Reproduce exactly, leaving out pictures, each line from the one holding "Николаеве сотрудник депо" through the final line of the listing, and add nothing.
(COLLECTED DATA Opens)
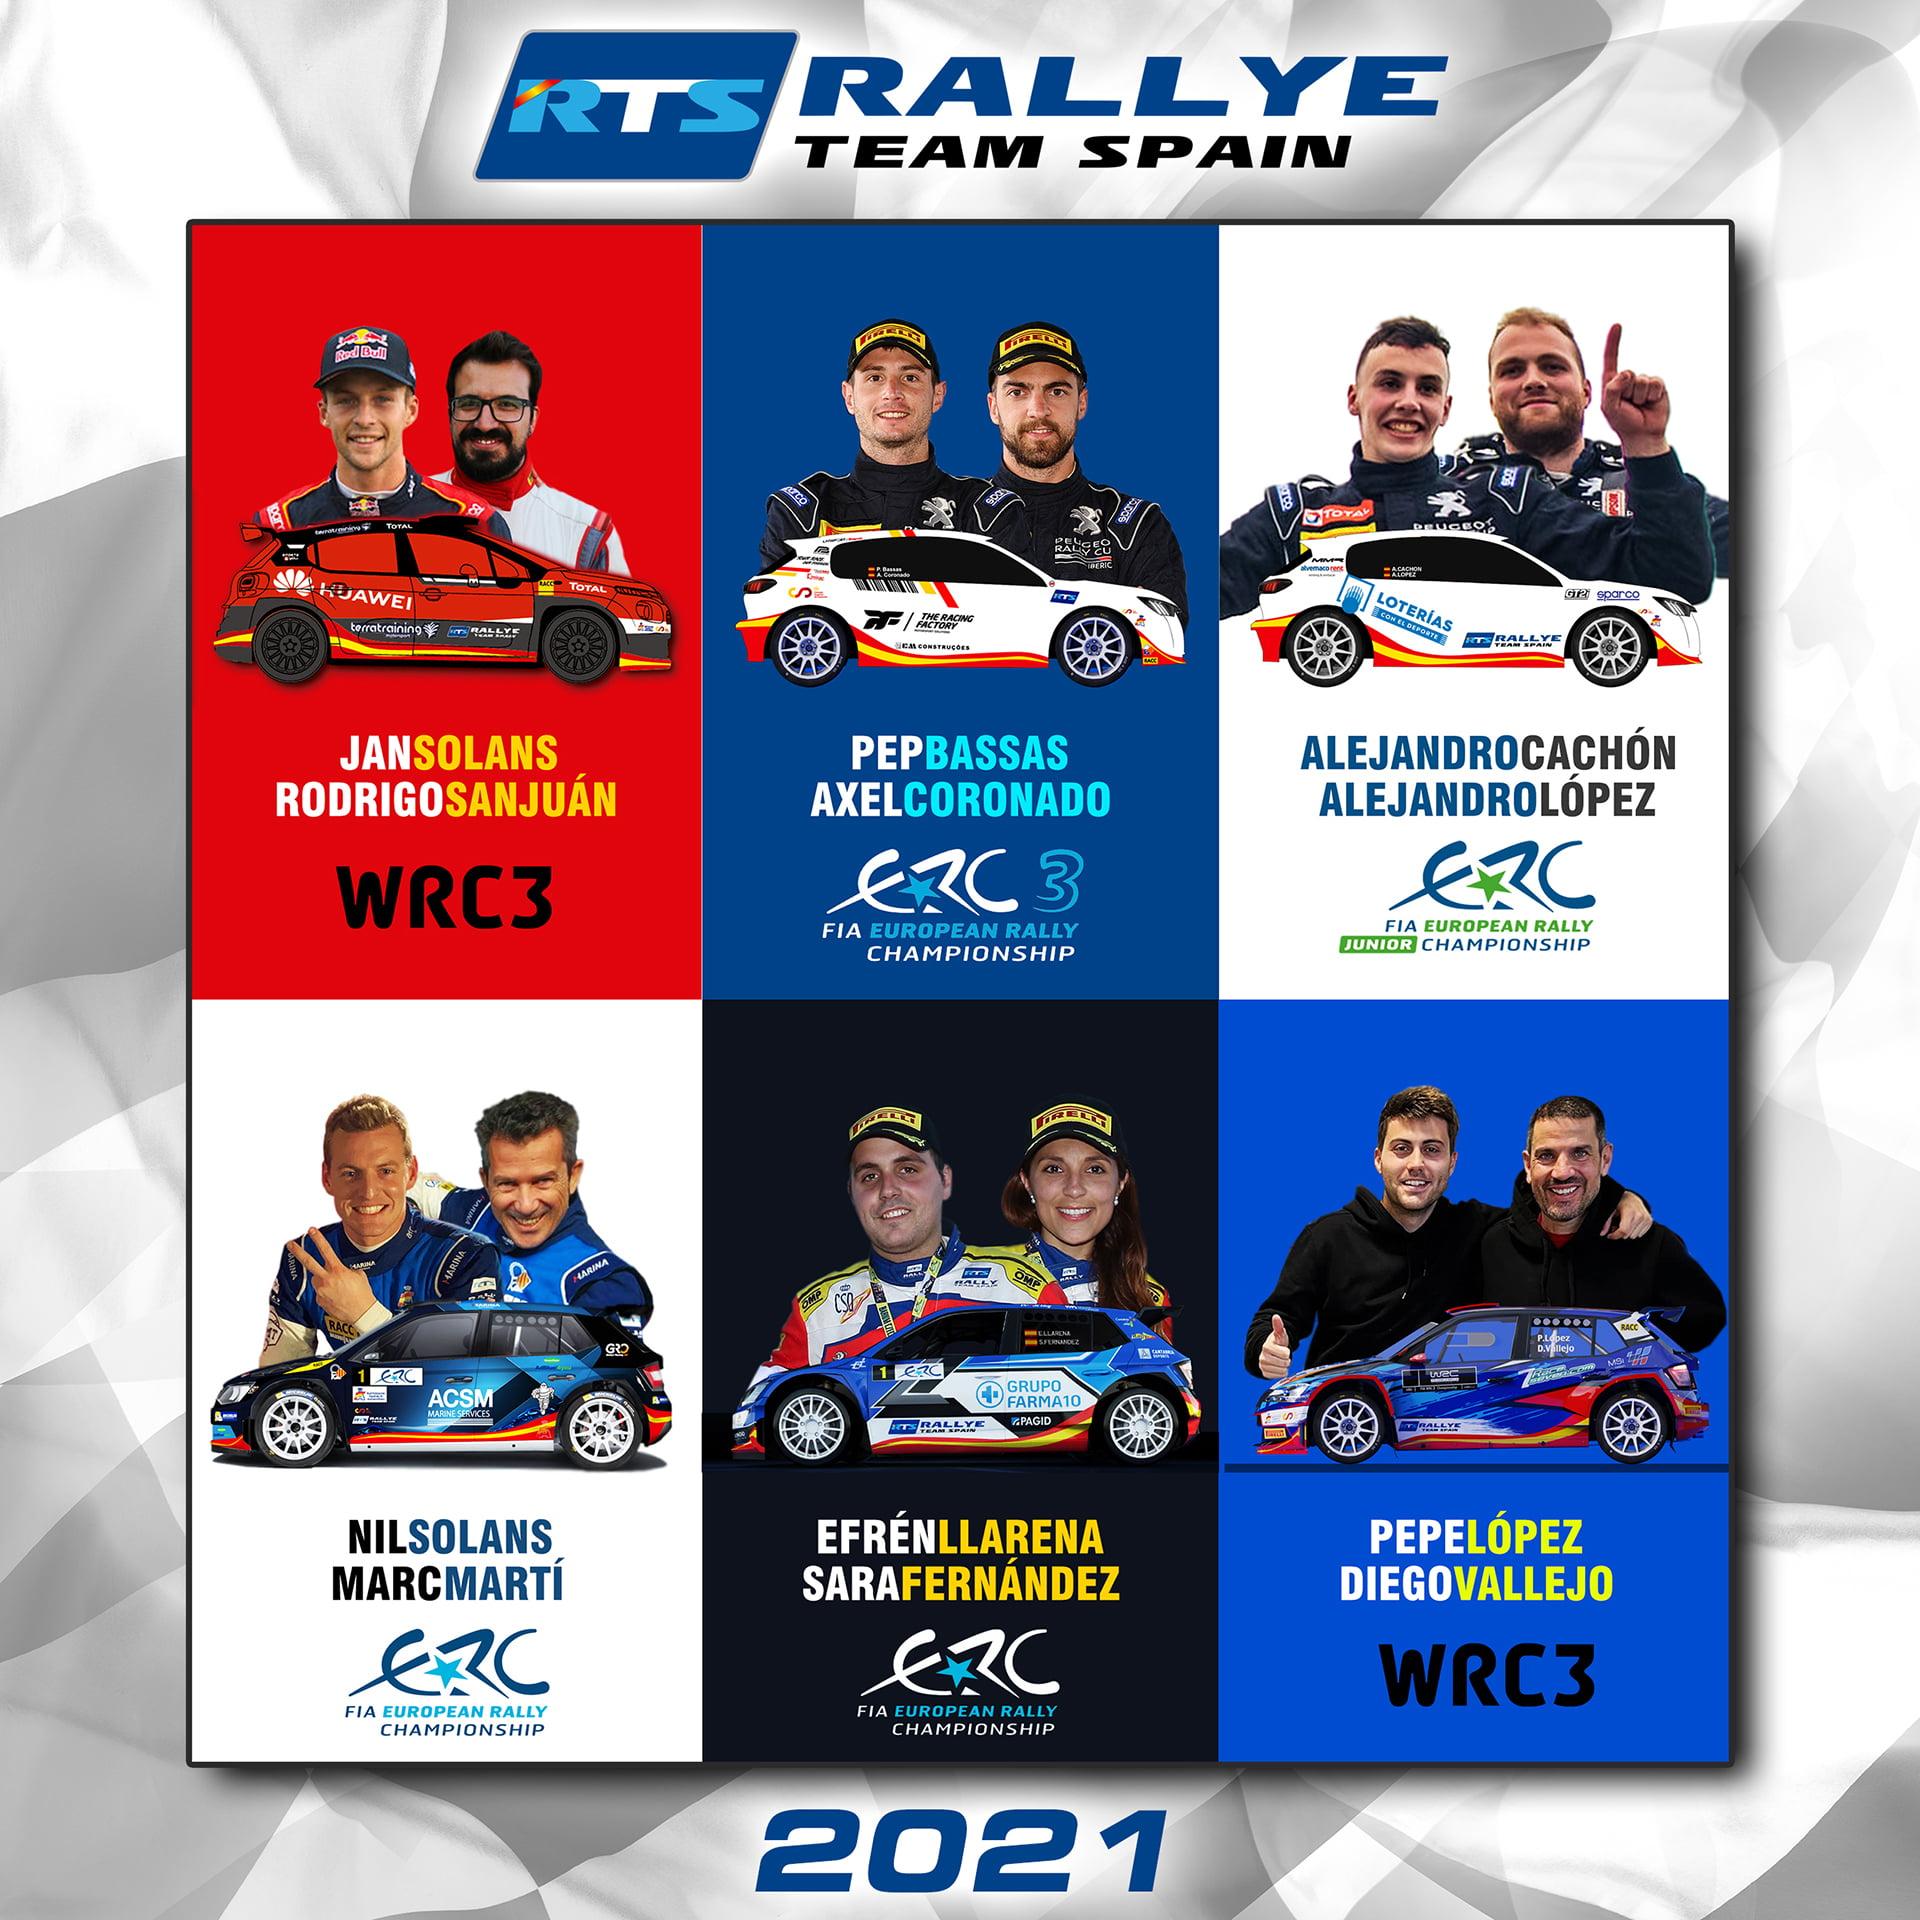 Rallye Team Spain, 6 equipos con mucho potencial.
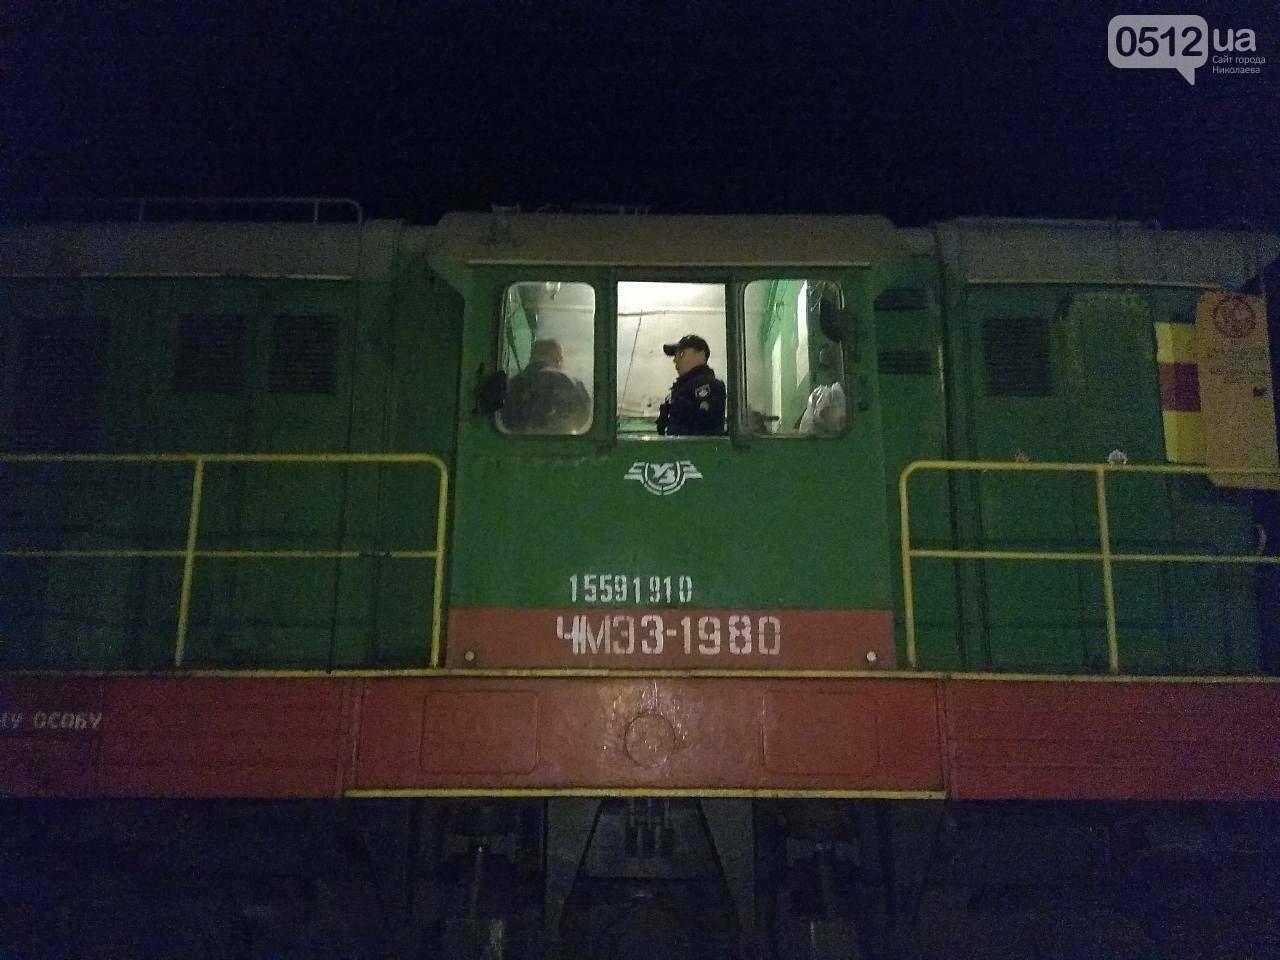 """В Николаеве сотрудник депо """"вынес"""" с предприятия почти 100 литров топлива, - ФОТО, фото-2"""
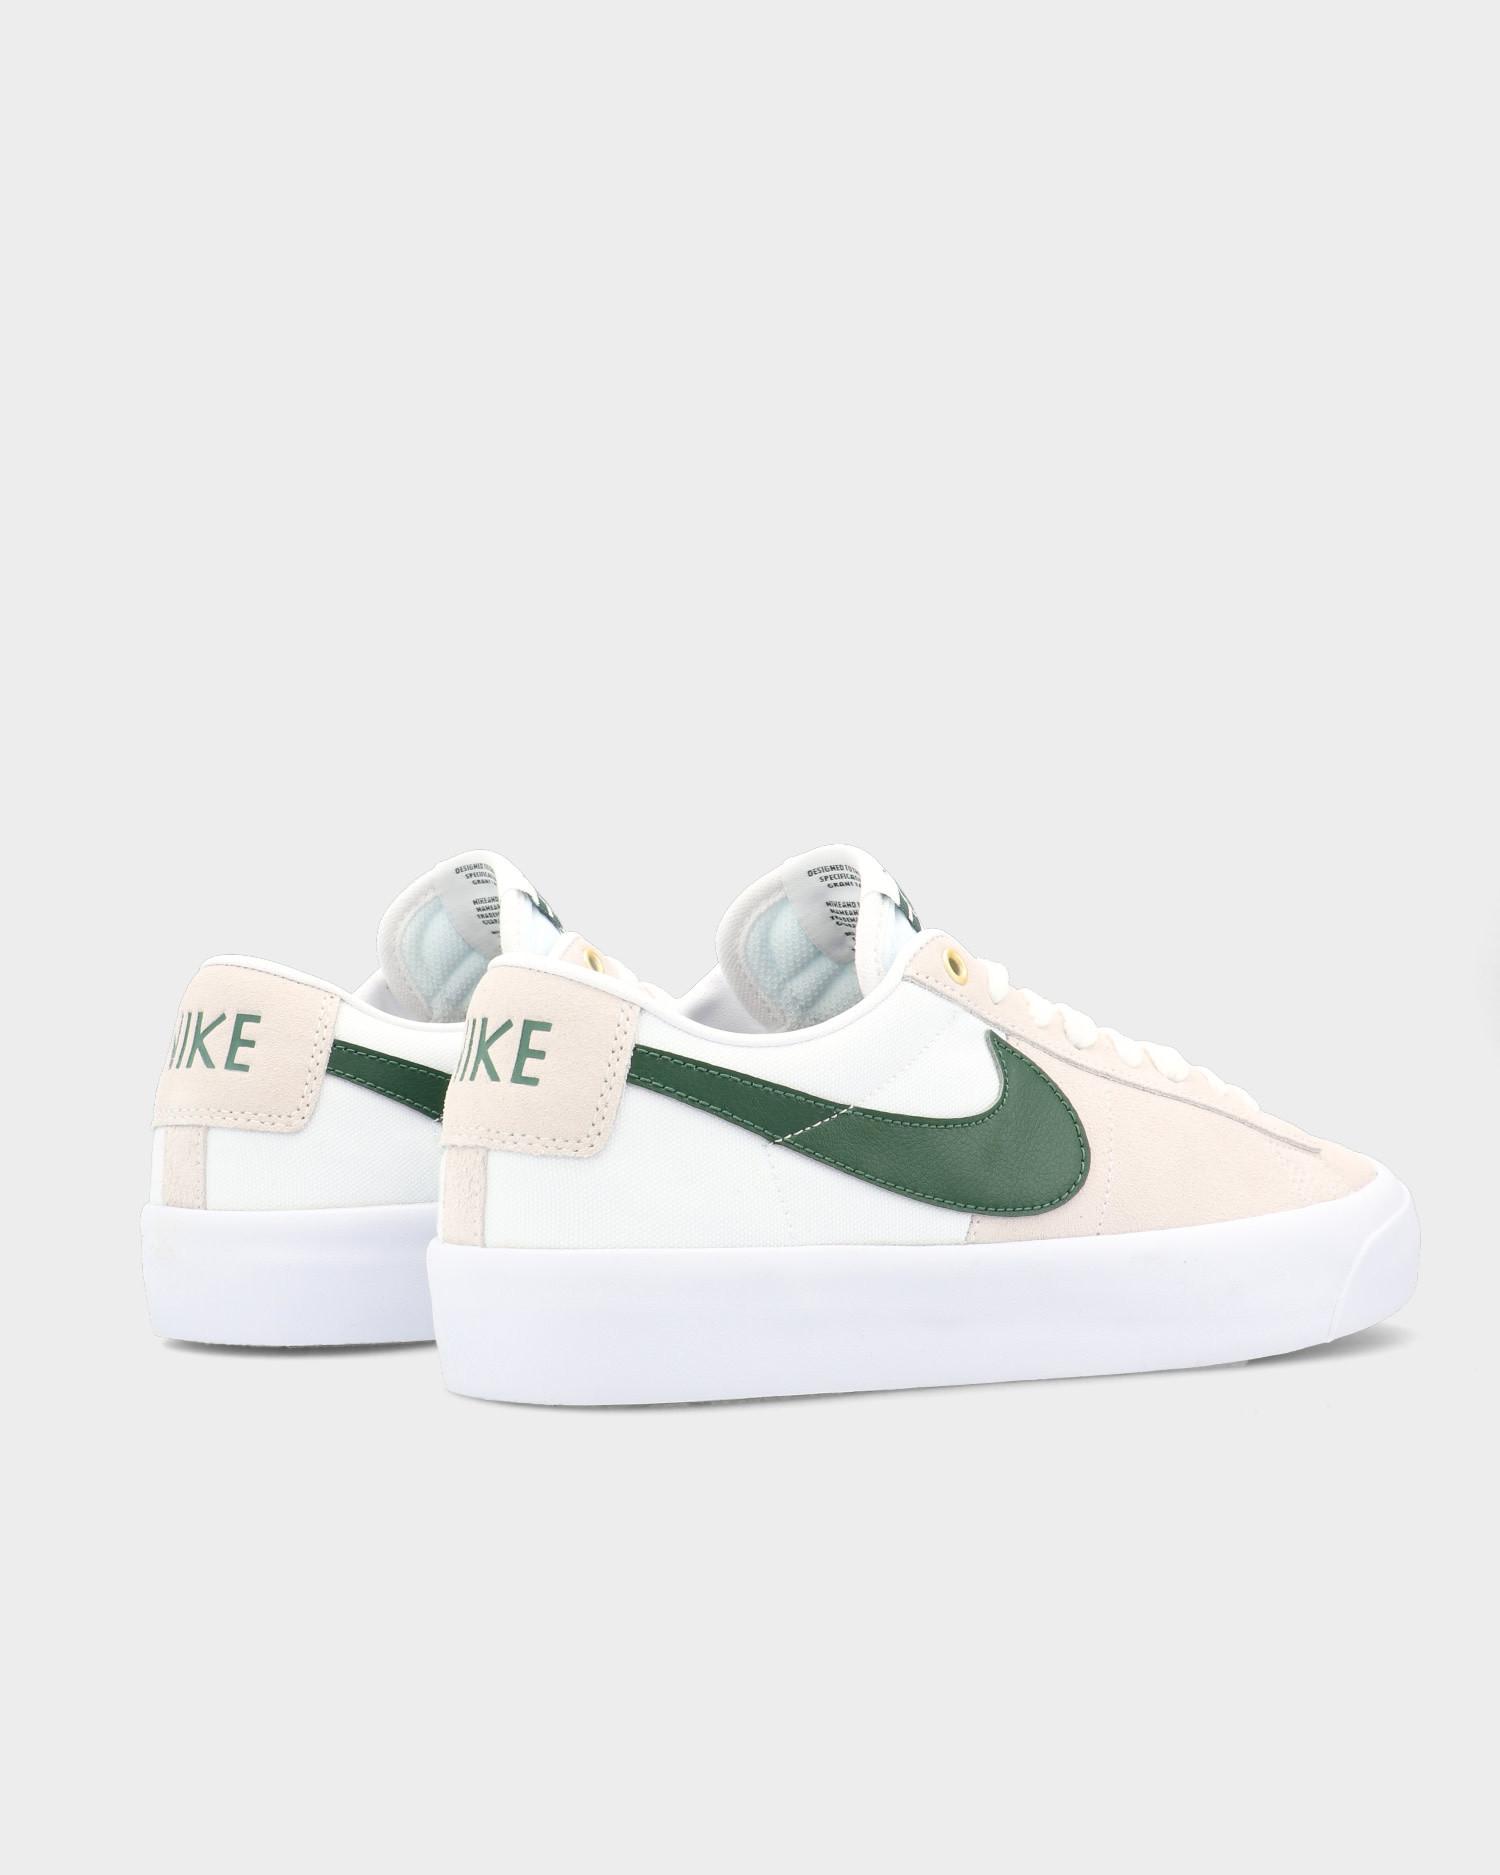 Nike SB Blazer Low Pro GT White/Fir-White-Gum Light Brown
(COLLECTED DATA Closes)
▶ SOLVED EXERCISE
 """В Николаеве сотрудник депо """"вынес"""" с предприятия почти 100 литров топлива, - ФОТО, фото-2"""
 Nike SB Blazer Low Pro GT White/Fir-White-Gum Light Brown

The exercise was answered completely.